Okay, I’m guessing half the reason you’re in class in the first place is for the girls. But be subtle and try to not to ogle or gawk. I sympathize and can only imagine how tough this is, but do your best. A low-key smile if you make eye contact is one thing (even cute if done right!), but ogling cleavage in up-dog is a big no-no.

The Ogler, not so subtle…

Talk to her after class

If you like a girl and you want to talk to her after class, here’s a decent angle that can work if executed properly. (Ideally, you were situated somewhere close to her in class) Go up, be subtle and say something like, “Can I ask you a dumb yoga question? (Of course she’ll say yes, you seemed sincere) Then ask her a question about a pose you did in class. I.e., when the teacher had us do ‘x’, I was a bit lost. Is there a trick to it? You looked like you knew what your were doing and I was pretty hopeless” Now you see why it’s best if you were near her in class. How cute are you? Just be low-key and you might just pull it off!
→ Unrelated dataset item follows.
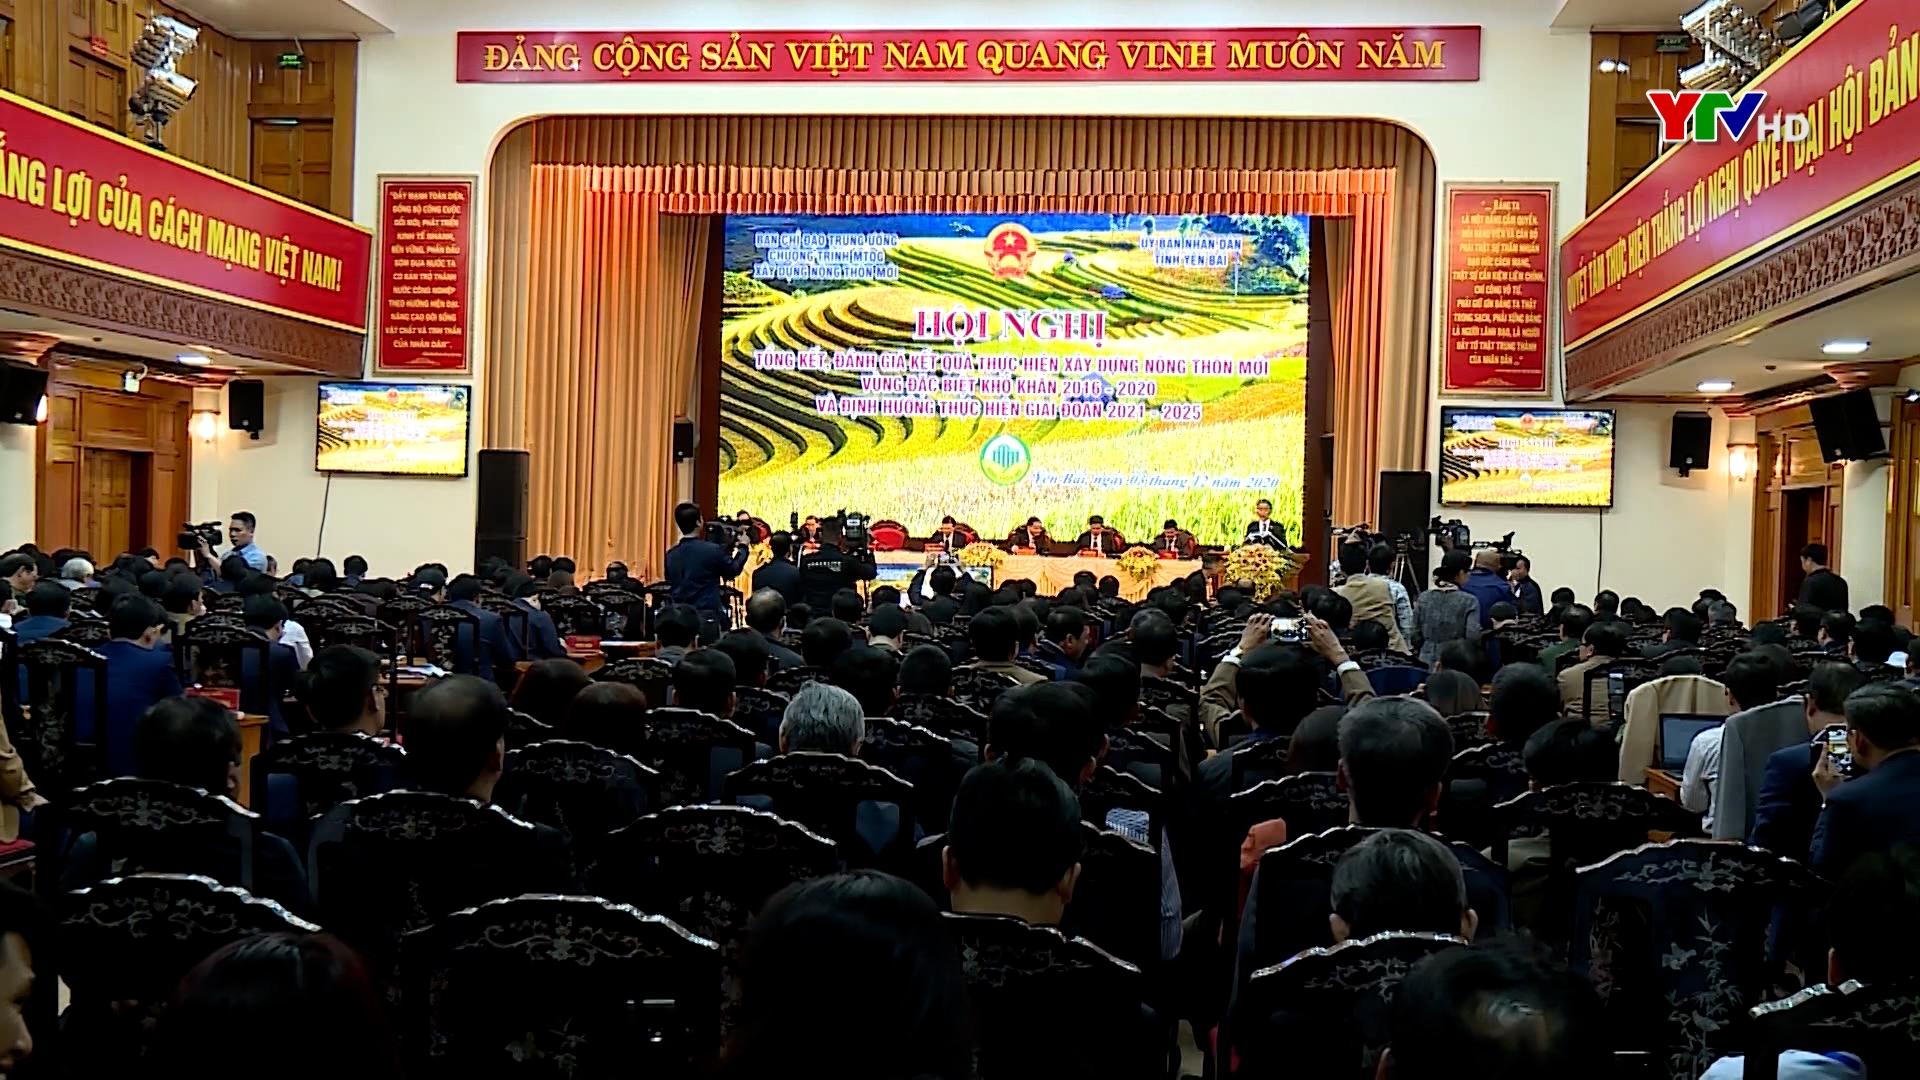 Hội nghị tổng kết xây dựng nông thôn mới vùng đặc biệt khó khăn giai đoạn 2016 - 2020, định hướng giai đoạn 2021 - 2025

Don’t worry if you’re not flexible

Everyone starts off saying they can’t do yoga because they’re not flexible. Guys, this is the one time you have the advantage – no one expects you to be a) flexible or b) good at yoga. Here’s a tip, stick to the basic pose. Remember the dance scene in Hitch with Albert? “This is where you live”. Don’t try to keep up with the girl next to you. Trust me, she was probably a gymnast in high school and will be waaaay more impressed with your restraint and lack of grunting. Bonus…you won’t pull a hamstring.

“This is where you live!”

Best uniform

We all love lululemon, but to be honest, they’re actually not the best pair of shorts for yoga. They’re good and they’ll do, but if you want to breeze through your class (and look cute doing it) then go for a stretchy board short like Hurley’s Phantom. You can get them on sale here at Zappos for around $50. I’m sure you can find cheaper if you dig. Buy 2-3 pairs unless you plan on lots of laundry (Remember step 2). Most girls agree, boys look hot in boardies!

Hurley Phantoms – look good & functional!

Best accessory 1

Spend the money on a good yoga mat.  My absolute favorite is the Manduka PROlite. It keeps you from slipping and sliding. You can get them here on Amazon for about $62 (free shipping). It sounds pricey, but it’ll last you at least 2 years. You’ll easily blow through 2-3 $30 mats in this timeframe.

Manduka PROlite mat

Best accessory 2

I know it’s crazy to pay $35+ for a yoga towel, but if you sweat a lot, it’s probably worth it. It fits to your mat and absorbs everything so you don’t slip and slide your way through class. Yogi Toes and Manduka both make good ones. You can find them on sale at Amazon here. Just get the weird color – it doesn’t matter!

Manduka mat towel – it works great if you’re a sweat-er!

All right, this ought to see you through the first month in yoga. Let me know how it goes. If my pick up line worked, you simply must tell me, I’d be so excited. Conversely, if you bomb or think any of the above is off the mark I’m all ears! Now go do some yoga, you cute boys!!!!